Pourquoi? parce qu’elle était déjà bien remplie dès son jeune âge . . .
C’était en quelque sorte, comme un fardeau qu’il traînait . . .
Cela avait pour effet secondaire de  laisser un espace plus ou moins long, dans le champ de ses pensées, de ce qui de ses souvenirs, le reliait à ses amies, sa famille, vous, moi, le premier venu. . .
Régulièrement, il rendait visite à son psychiatre, qui lui avait, avec plus ou moins d’habileté, soufflé l’idée de conserver ses souvenirs par écrit, dans un endroit sûr.
Ses années de soins, lui avaient fait comprendre le large panel que touche la clientèle des médecins de l’âme . . .

Il y a les simples d’esprit, les bons à rien, les malades de longue durée ( parfois depuis l’enfance), ceux qui ont une situation familiale mais pas vraiment d’emploi, ceux qui ont eux une situation professionnelle, et parmi ceux-là, ceux qui veulent dominer, ceux qui veulent être dominés, ceux qui en sont fiers, ceux qui ont peur que cela se sache, ceux qui sont sûrs de guérir un jour, ceux qui sont sûrs que cela va les tuer, ceux qui pensent que le médecin est plus malade qu’eux, ceux qui voient en leur médecin une menace physique, ou d’adultère, ceux qui espèrent les séduire, ceux qui espèrent qu’on les oublie, . . .

En fait, la liste est incomplète, je vous laisse le soin de l’agrandir à votre guise, il est souvent mieux je pense, de se situer, et de savoir que cela peut changer.

Franck avait des amis, de la famille, mais rien de sérieux côté coeur…du moins, pas de manière officielle,
souvent, durant la nuit, le manque d’expériences, ayant généré en lui, un désir si intense de fonder un foyer, d’être aimé et d’aimer en retour,
qu’il lui semblait que des anges, le berçaient dans son sommeil, des chérubins et des chérubines, lui disaient de garder espoir, et que, il n’y a pas que le temps qui passe, qui génère de la certitude, la qualité de son éveil, les bonnes, les mauvaises nouvelles, on regrette et, ou, on s’envie, en regardant en arrière, et aussi quand on se projette…
On réfléchit, on s’imagine, à bord d’une voiture avion, avec des super pouvoirs, des fois c’est des cauchemars, on s’imagine des tortures, des situations morbides, dues aux conséquences de ses actes, de son imprudence, alors que l’on oublie aussi qu’à ce moment là, nous avions pris les mêmes risques auparavant et cela en passant un moment très agréable, je ne puis rien affirmer . . .!!!, mais c’est ça le truc,

La maman de Franck était fragile, et malheureusement, Franck s’en était rendu compte trop tard …
il confondait la détresse, le mal être de sa mère, avec une force qui serait dirigée contre lui,
c’est le paradoxe temporel dans toute son ampleur…
J’ai lu, que souvent, le contentieux parent-enfant, se règle dès l’apparition de leurs petits-enfants, en effet, ils ont acquis une maturité de long terme, ils se comportent avec ce recul nécessaire, qui met l’enfant en confiance, mais les parents n’ont pas à s’inquiéter plus que de mesure, l’enfant comprend tout de suite ( même s’il ne le dit pas) qui sont ses parents et leur entourage familial…
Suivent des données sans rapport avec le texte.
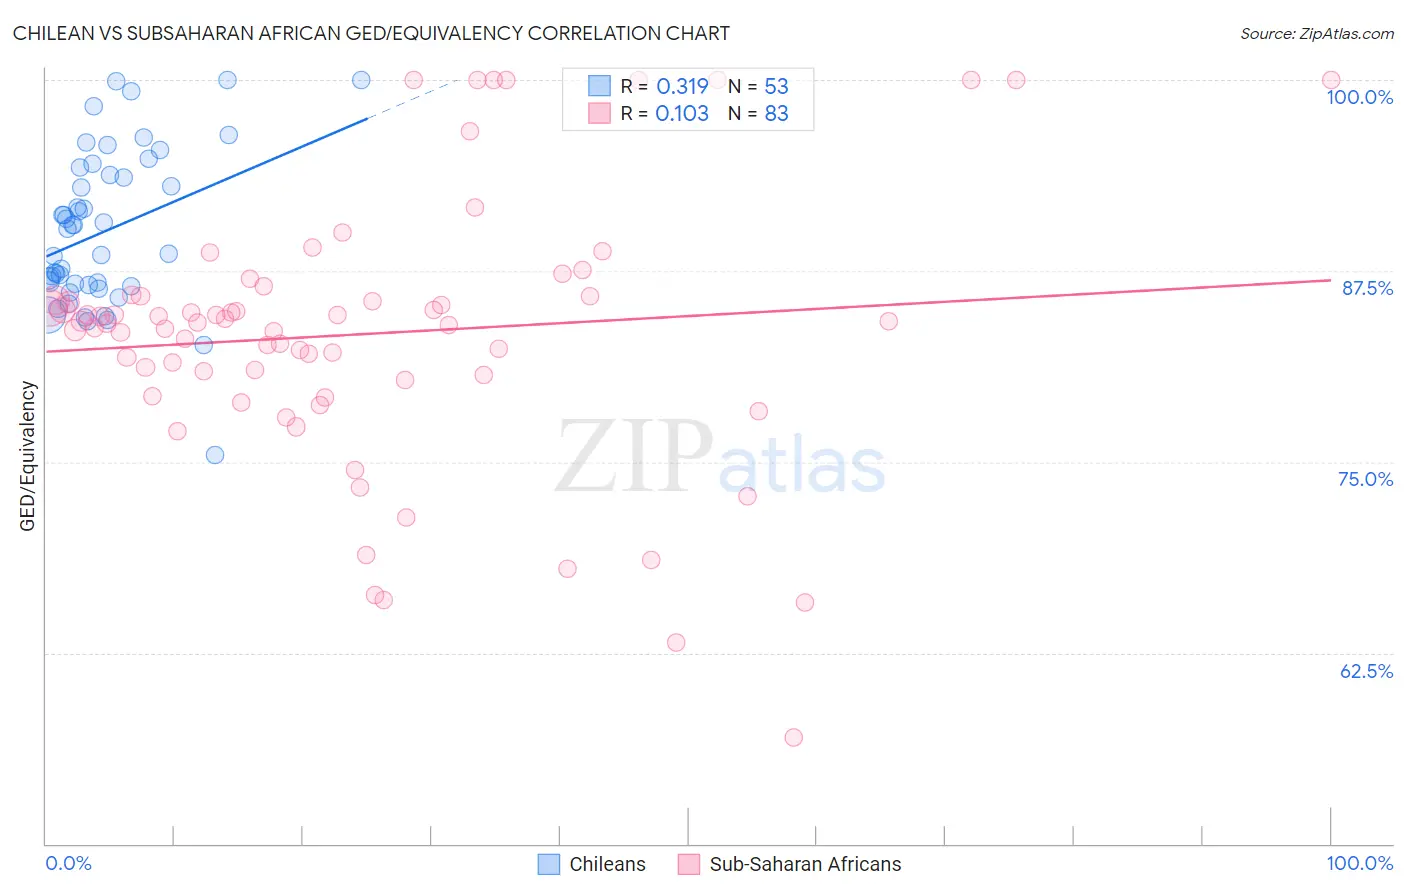 Chilean vs Subsaharan African GED/Equivalency
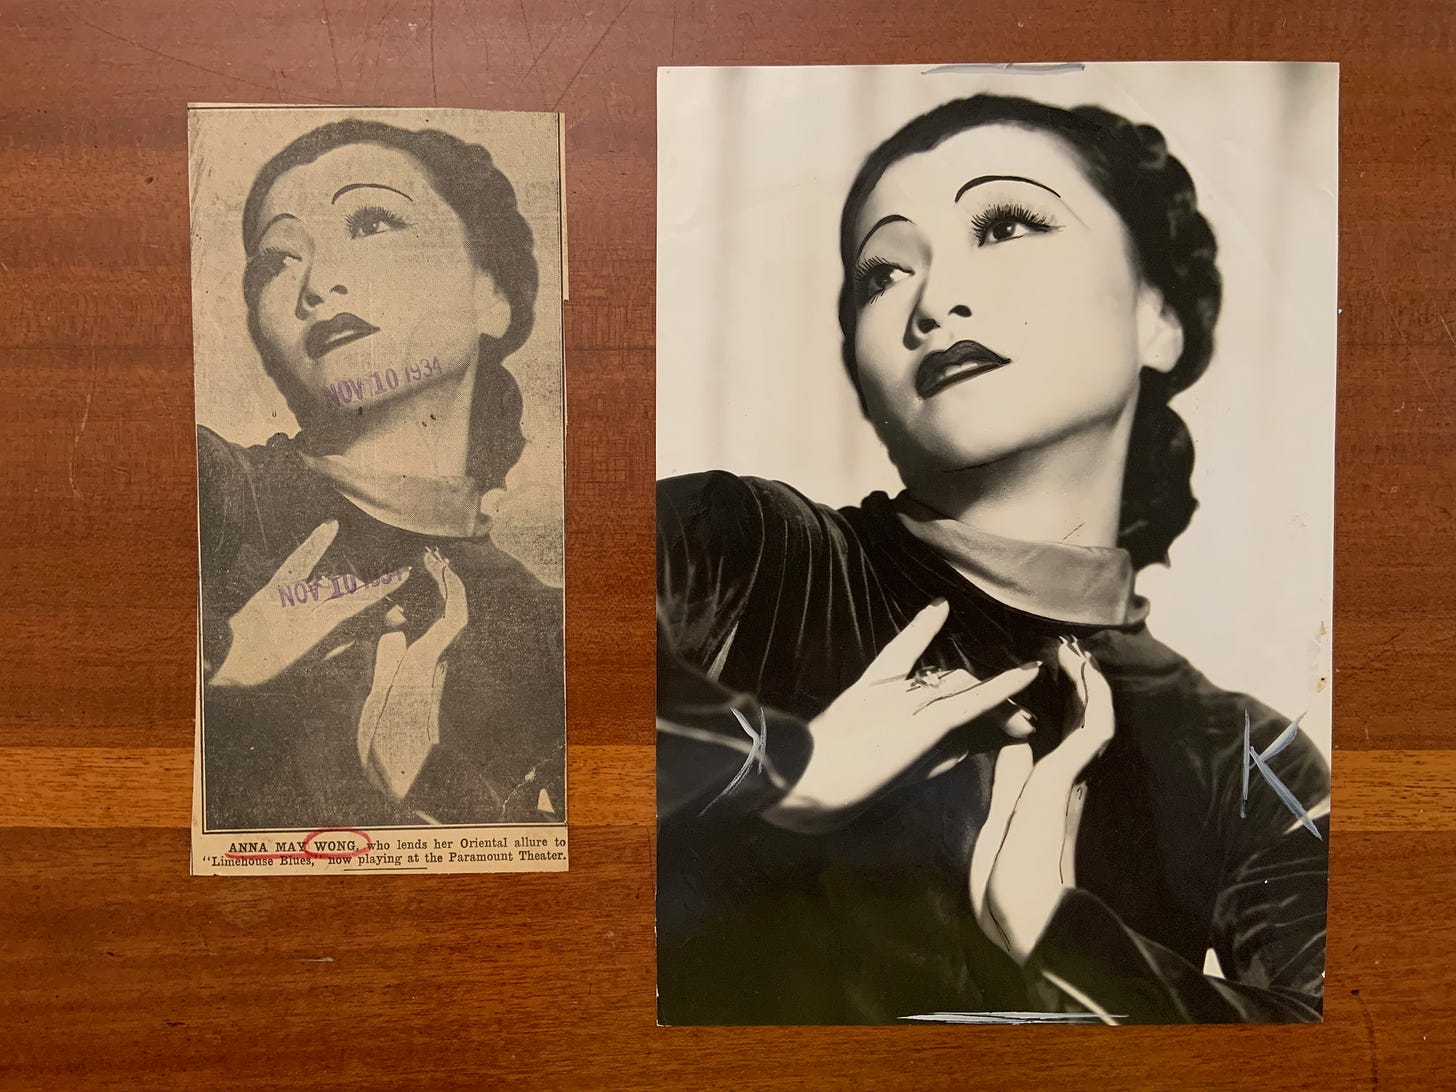 Two clippings of a black and white photo of Anna May Wong from the Los Angeles Examiner, November 10, 1934

Franck était serveur à mi-temps dans un restaurant de grande chaîne, quand on regardait son visage, le « bon appétit!! » le « merci d’être venu », semblaient gravés dans les spores de sa peau , toutes ses années de service, à faire des courbettes devant le client souvent maladroit,
On dit qu’en prenant de l’âge, l’esprit nous façonne et nous fascine, il devient plus important que le charnel. Au fil du temps, dès qu’il passait le seuil du restaurant, ses oreilles se bouchaient, il avait l’habitude, il pensait à quelque chose, un moment de bonheur entrevu, et son visage, se crispait : ses yeux s’imprimaient d’une reconnaissante satisfaction, ses cheveux courts et son sourire donnaient une impression de ravissement, en pleine béatitude.
Et voilà c’est parti pour cinq heures de service… dans un vague bruit de fond, il entendait le chant des verres, des couverts et autres ustensiles, tel un chant mélodieux qu’il fallait obligatoirement écouter durant un mois pour avoir le droit de collectionner des vignettes, des icônes moyenâgeuses, qui donnaient le droit de revenir le mois prochain.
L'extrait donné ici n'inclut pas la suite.